If there's one things Tony Pulis has proven he can do, it's giving a team structure, specifically at the back more than anything. Just as it's defence which wins titles, it's also defence that preserves top-flight status, it seems.
One can debate on Pulis' worth when it comes to developing past that phase as a genuine top-half contender, but for now, Palace will seek nothing more from their chief.
8. Roberto Martinez Exposes David Moyes as His Tactical Inferior
With the Toffees now enjoying success the likes of which they arguably never saw under David Moyes, it's a widespread belief that Roberto Martinez may in fact be a better fit for Everton than his predecessor ever was.

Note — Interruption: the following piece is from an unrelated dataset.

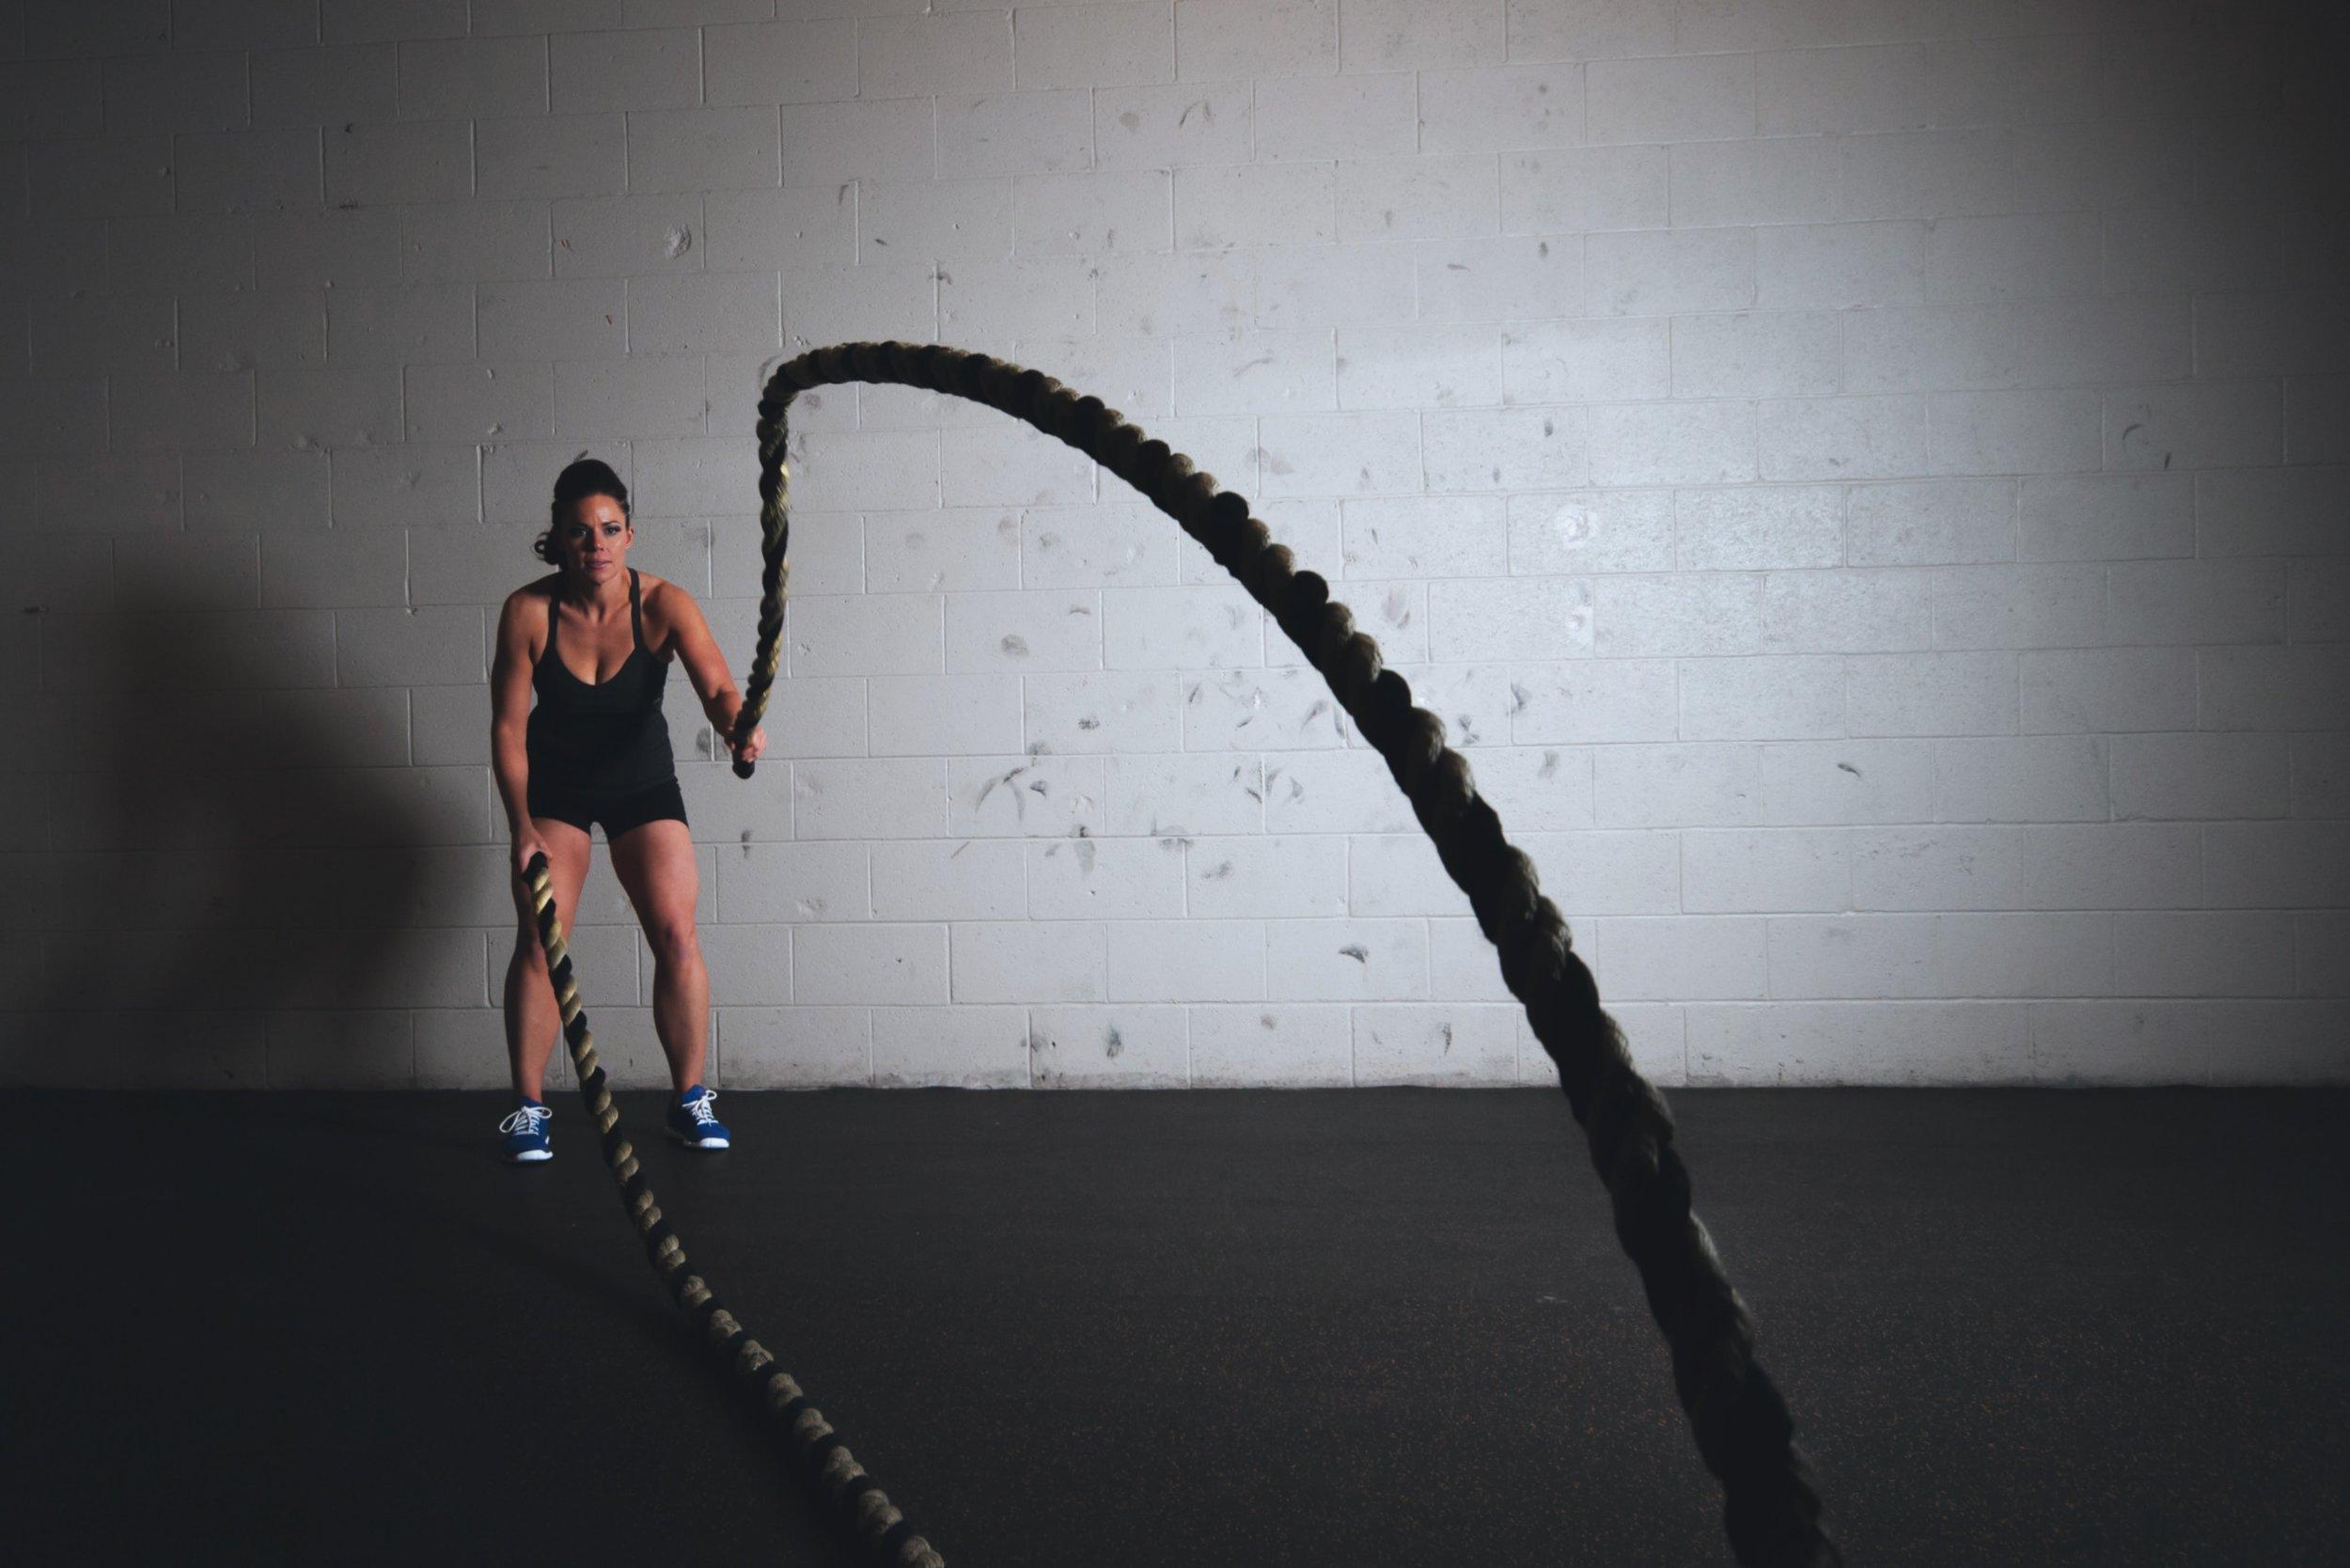 crossfit-fitness-gym-28080.jpg

However, Sunday's 2-0 victory for the Merseyside hosts served as concrete evidence that the Spaniard's outfit is currently better than the Red Devils', not just in terms of league position but in nearly every facet imaginable.
Or at least the ones which count in a positive sense anyway; Martinez has formed a squad of stronger mental and arguably physically superior standards, and his tactics are once again beaming through while the Old Trafford chief is showing himself to be somewhat inept in this aspect.
Moyes may well have been the man who gave players such as Seamus Coleman and Ross Barkley their first-team debuts on Merseyside, but it's the current Goodison Park helmsman who's getting the most out of their talents, and it showed on Sunday.
Meanwhile, Moyes has been stuck with fielding players such as Chris Smalling and Alex Buttner at right-back and left-back, respectively, making such stiff decisions as throwing Antonio Valencia in as a makeshift full-back when times get tough.
Sunday's outcome was the first time since the 1969-70 season that Everton have managed the league double over United, and one can only agree that it's a duct fully deserving of being broken.